------ COLLECTED MATERIAL ------

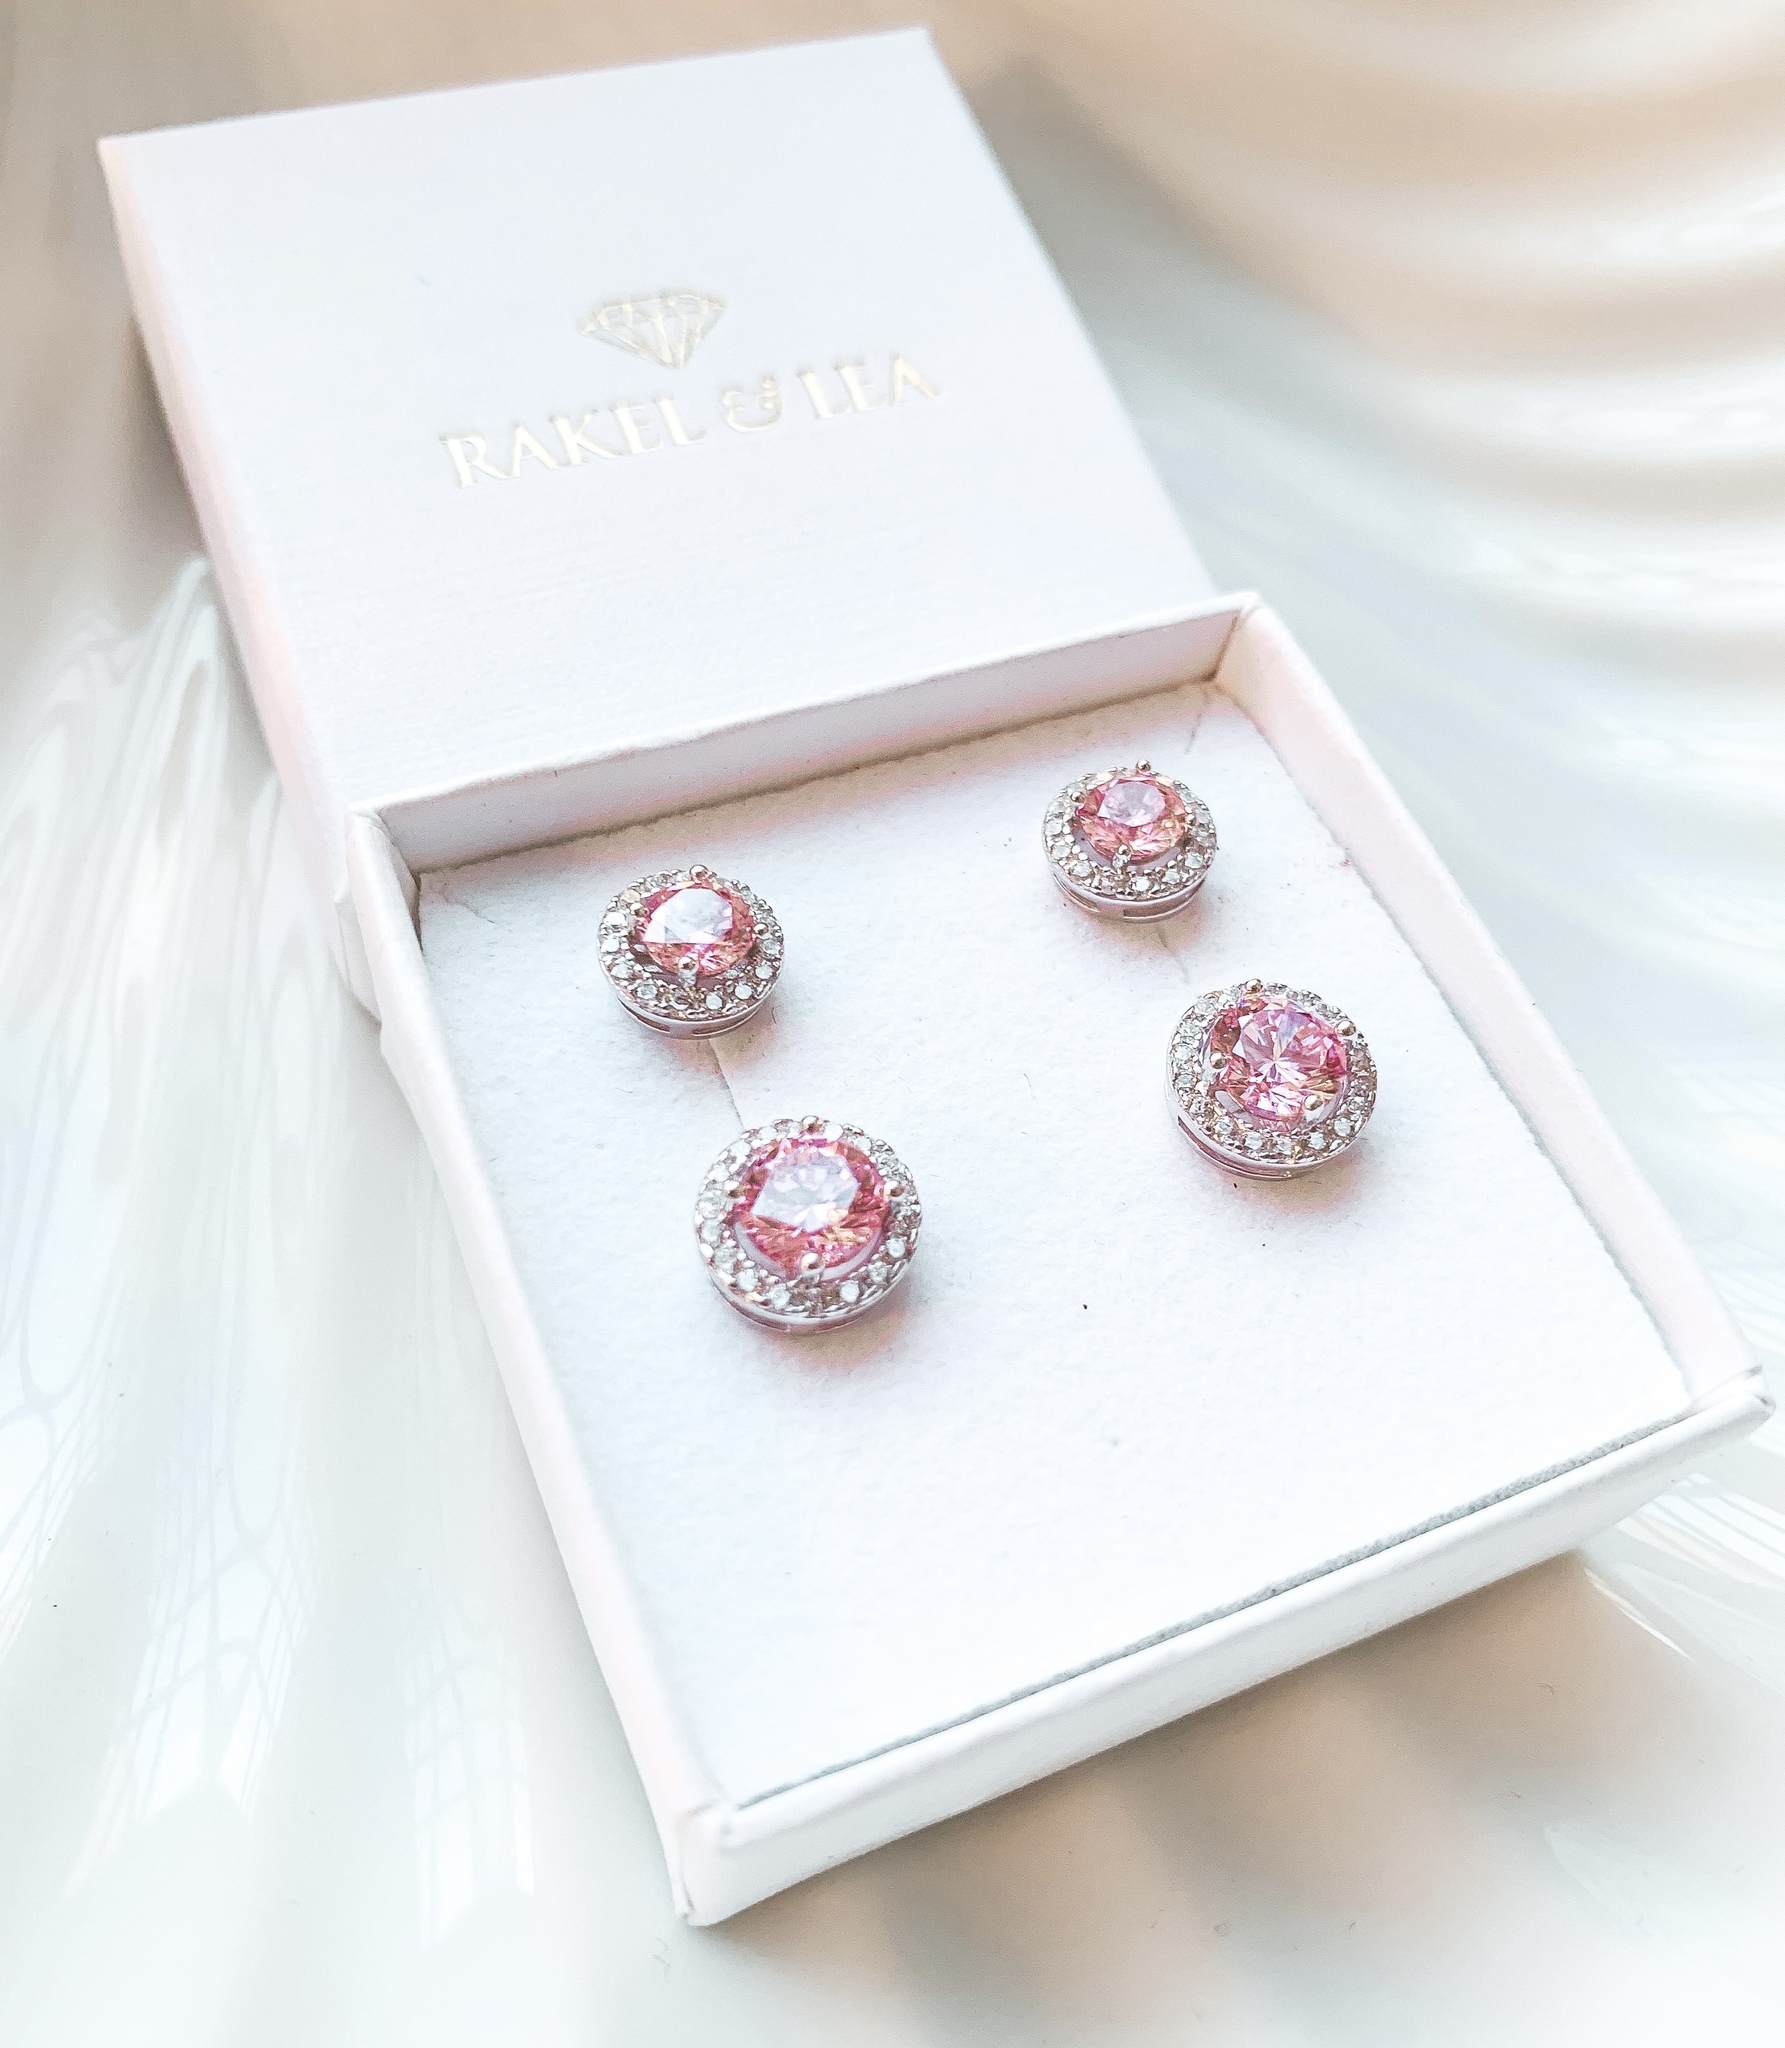 Pink Carmosé Earrings Silver
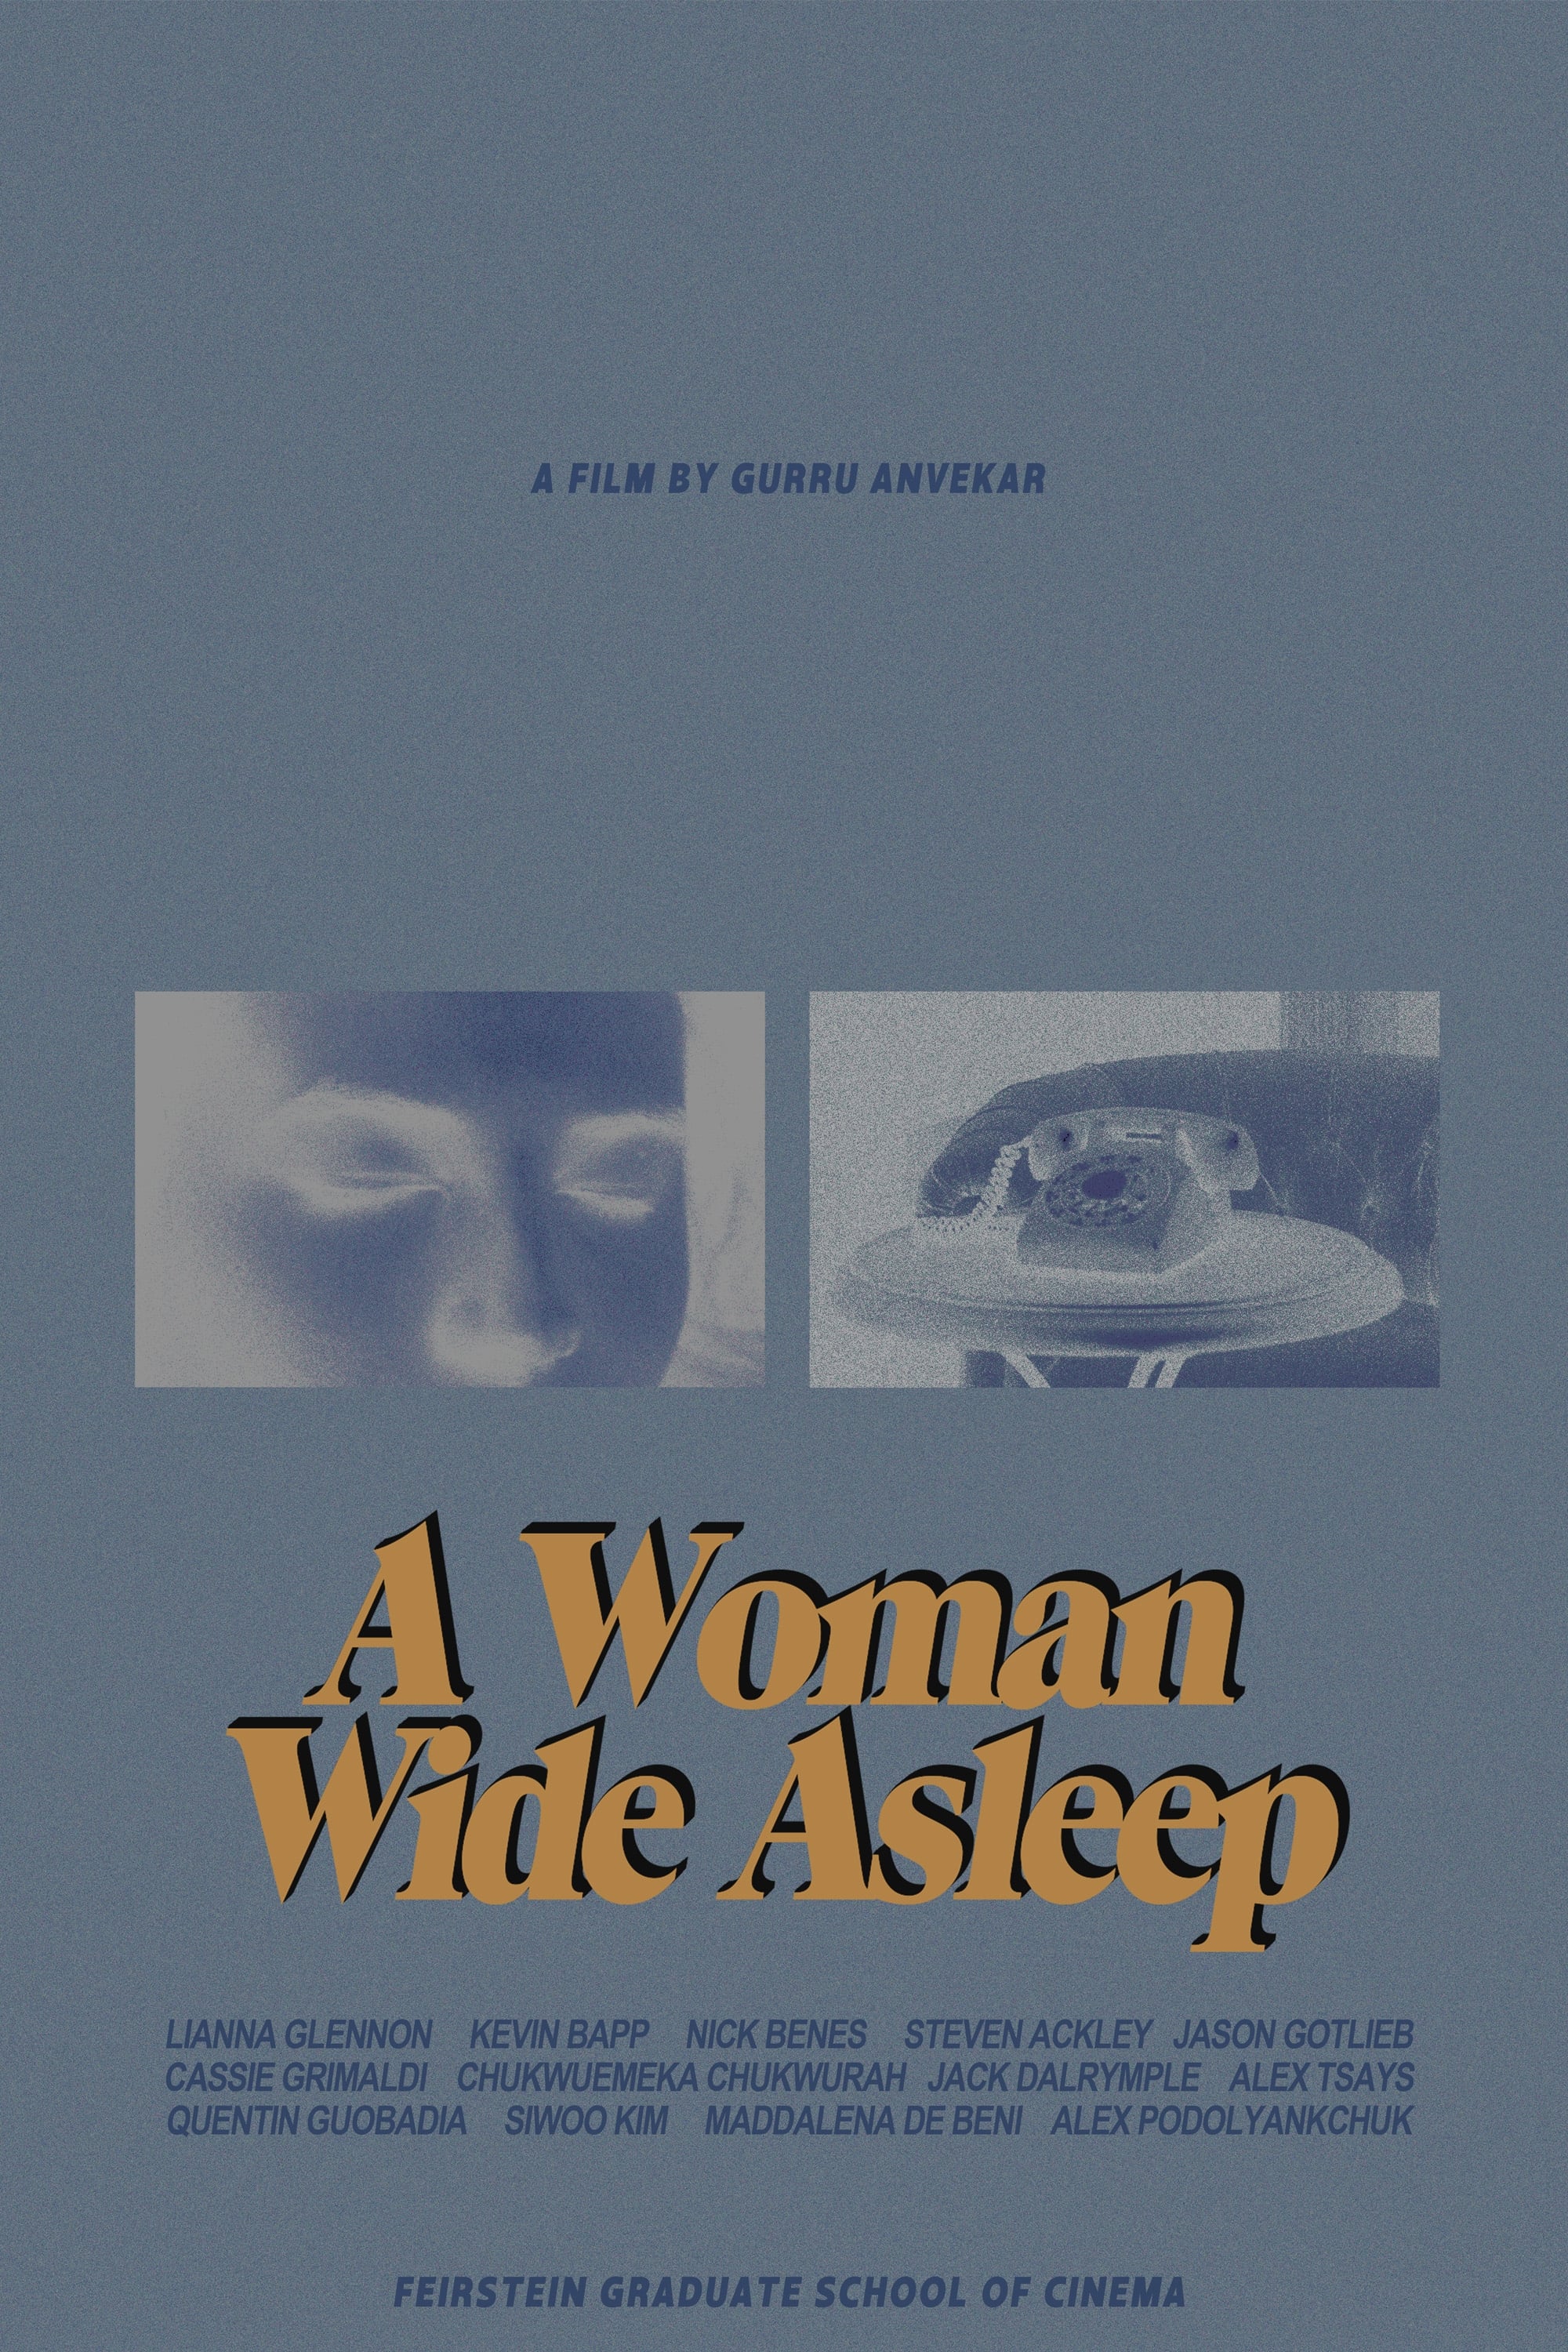 A Woman Wide Asleep
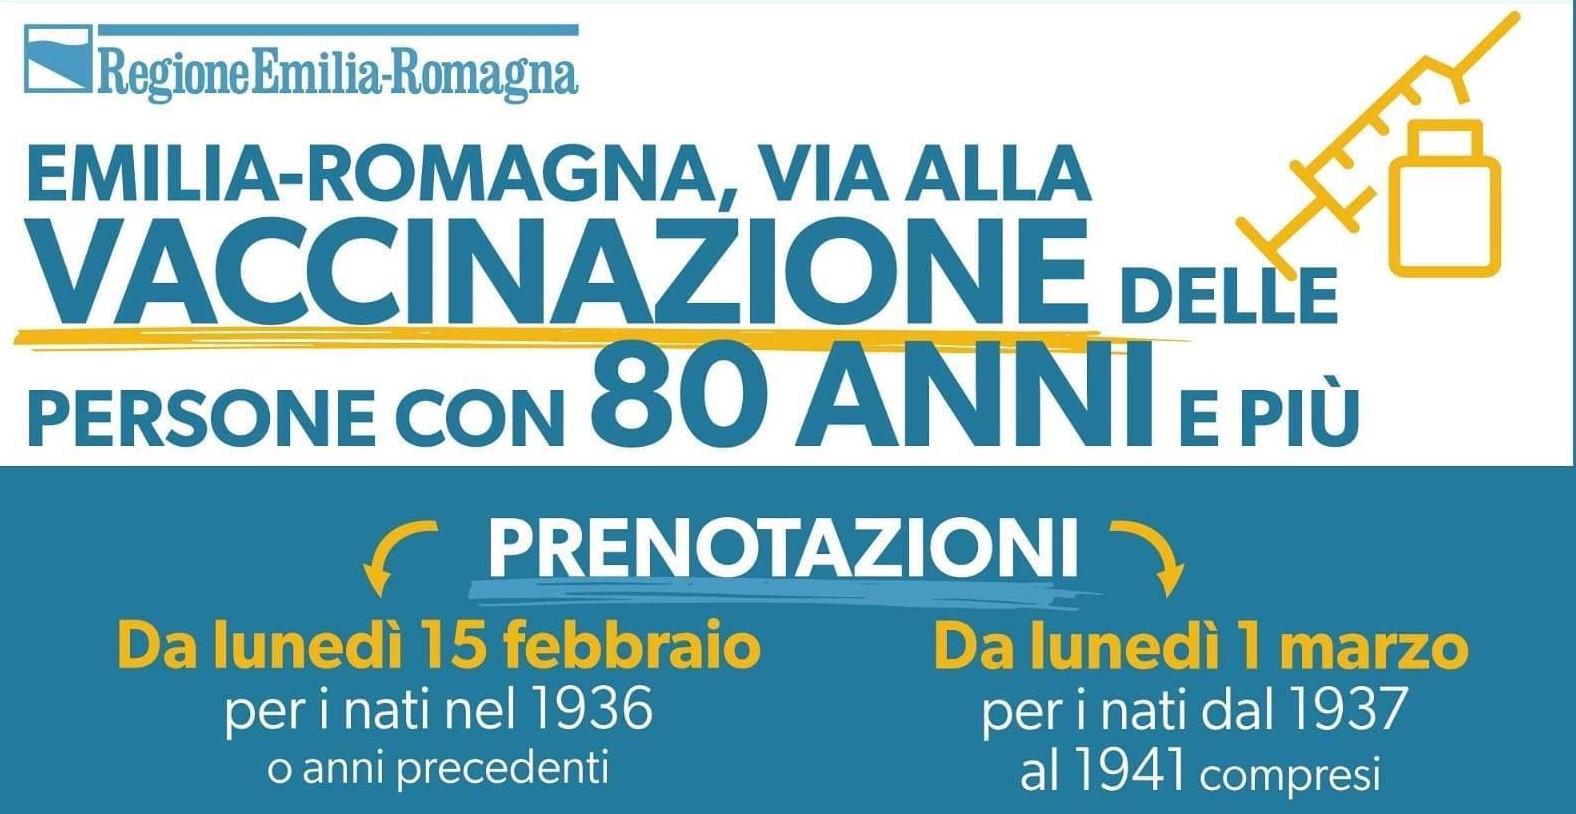 Covid-19, in Emilia-Romagna si parte con le vaccinazioni per le persone che hanno 80 anni e più

------

● **TASK REQUIREMENTS**
Could you repeat word for word only the lines from the one that contains "A Woman Wide Asleep" through the end of the listing, leaving out the pictures?

● **ANSWER TO THIS EXERCISE**
 A Woman Wide Asleep
 Covid-19, in Emilia-Romagna si parte con le vaccinazioni per le persone che hanno 80 anni e più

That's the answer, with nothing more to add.